The tariff plan President Trump introduced on Liberation Day was more hard-hitting than the markets anticipated. It included a 10% universal tariff on US imports with the goal of raising revenue as well as higher tariff rates on 25+ of the country’s biggest trading partners based on their trade deficit with the US.
Following this announcement the stock market sold off aggressively. However, on April 9 stocks rallied back after President Trump abruptly announced he would back down on his reciprocal tariffs for 90 days. The S&P 500 rose 9.5 percent following the announcement—its sharpest single-day gain since October 2008.

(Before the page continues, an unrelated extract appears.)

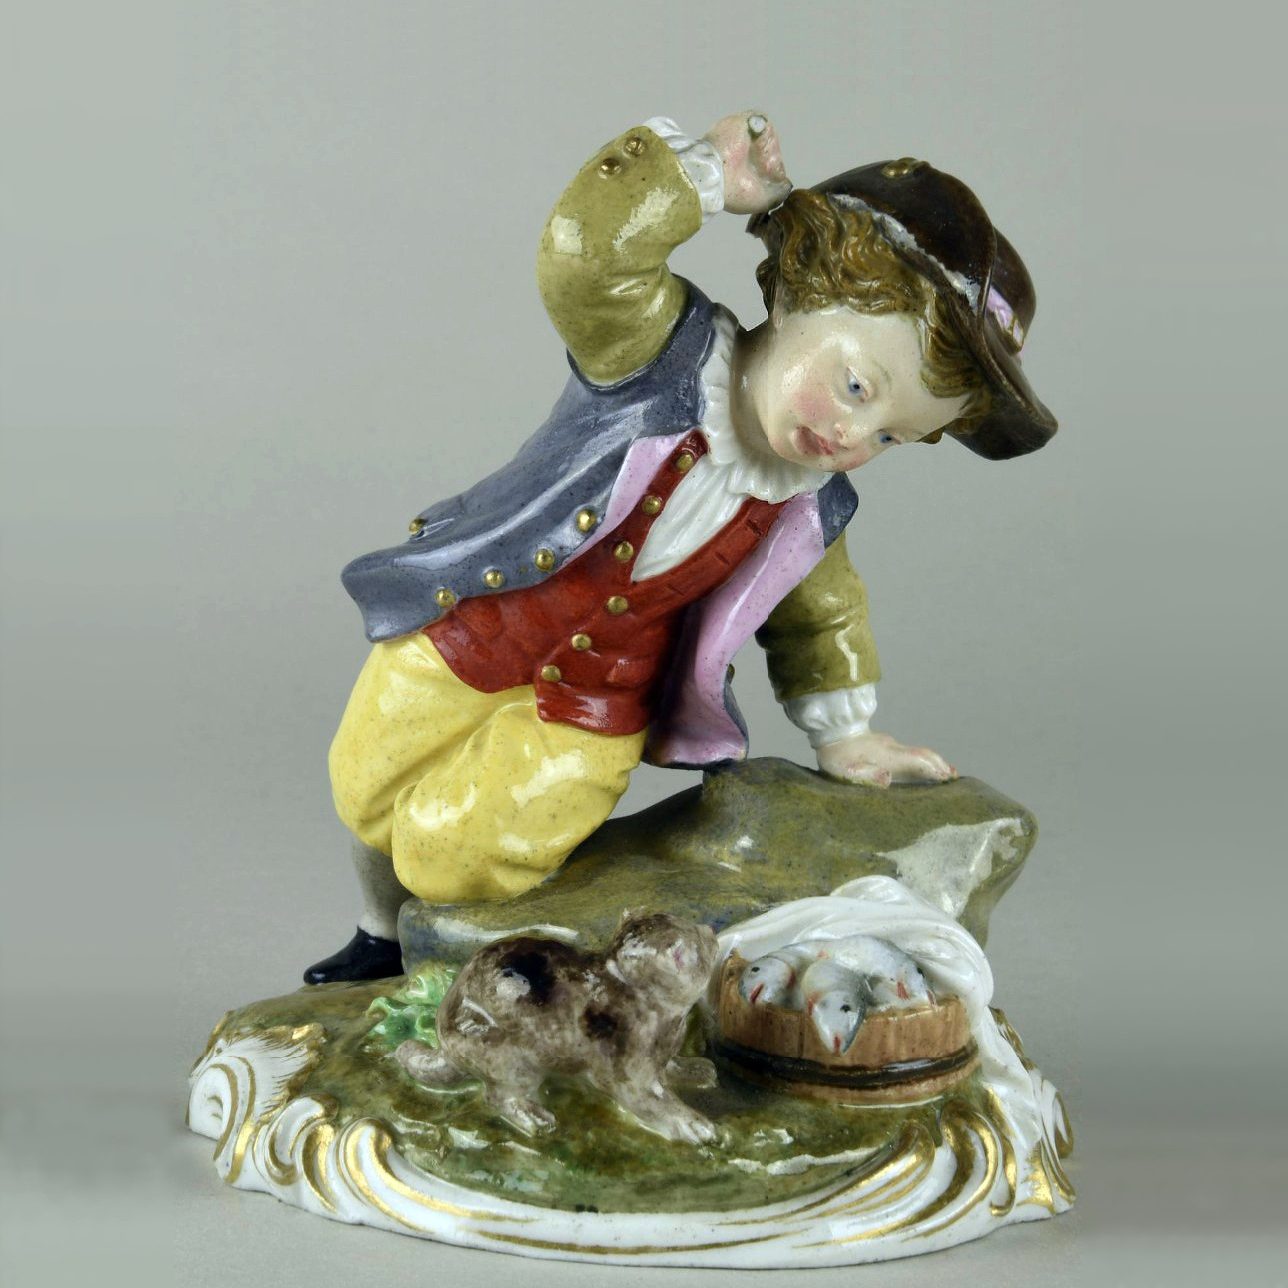 Russian Imperial Porcelain Factory figure "Boy with cat and fish" by Spiess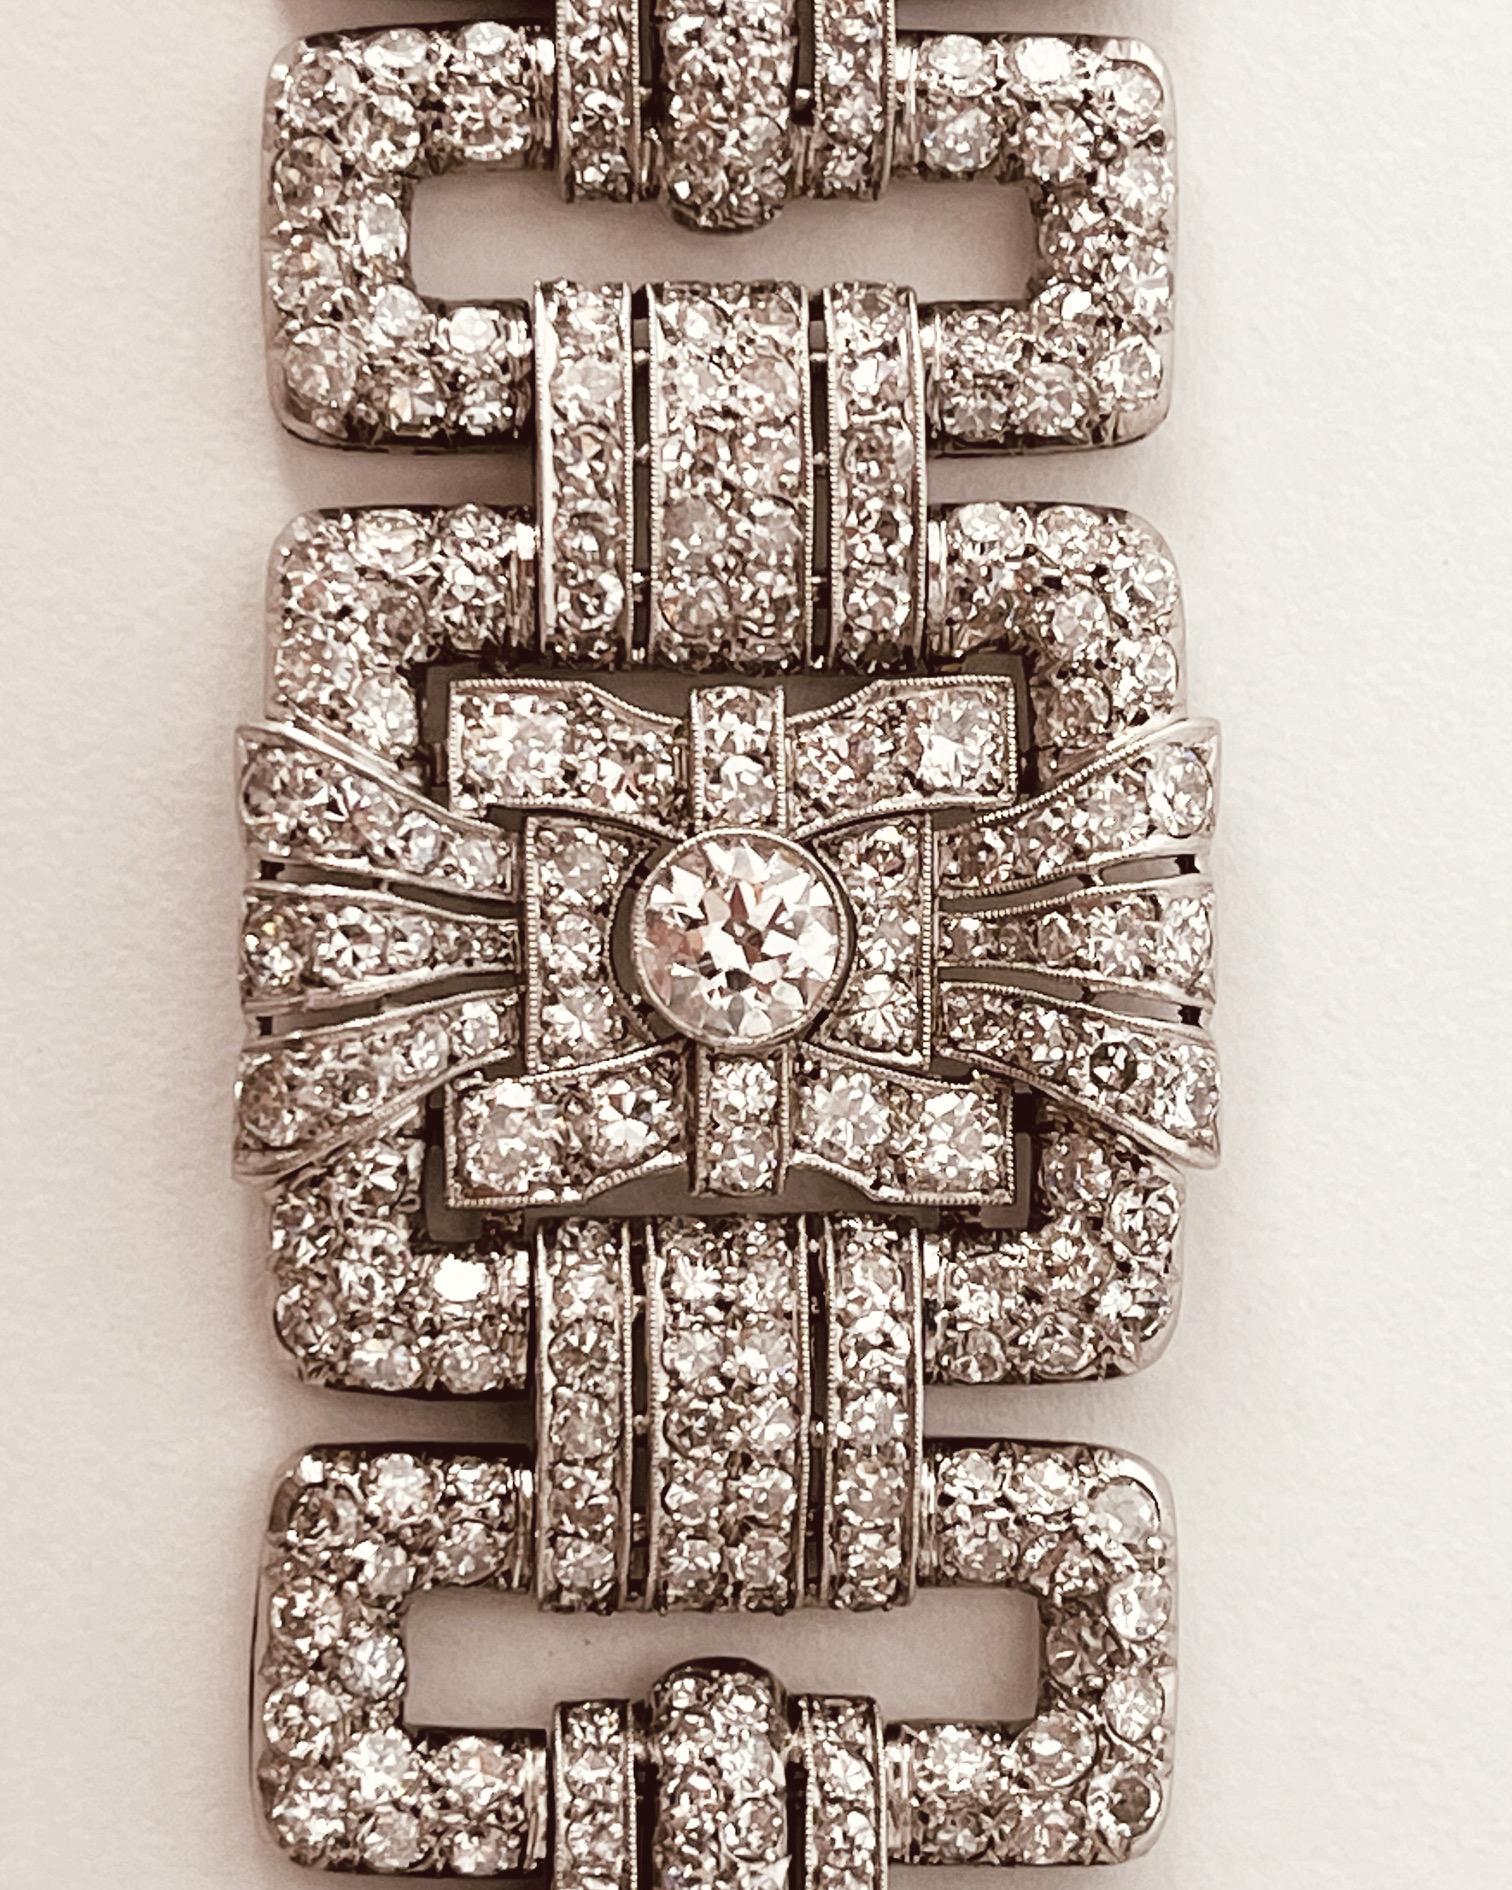 An Art Deco diamond bracelet. Set throughout with brilliant and circular-cut diamonds. The largest diamonds estimated to weigh 1ct each. Total diamond weight approximately 25cts. French marks. Circa 1935. 19cm in length and approximately 3.1cm wide.

Overall, US average tariff rates could be as high as 25%-30% if they go into effect as is. This is well above expectations. We believe these will be negotiated lower but if they aren’t, inflation will likely rise and growth will be dented more than originally anticipated, with a mild US recession risk possible in coming quarters.
What happens next is dependent on many variables. While the 10% universal tariffs will likely be permanent, the country specific tariffs could be negotiated down.
The fiscal and monetary response around the world will matter. US tax cuts are likely to be accelerated and fiscal stimulus around the world is likely in play—and already happening in Germany, Europe, and China.
The Fed is likely to look through inflationary pressures and respond to any growth hit by lowering rates.
As these developments unfold, portfolio diversification remains crucial. The Moss Adams Portfolio Management Team will continue to monitor the evolving macro environment.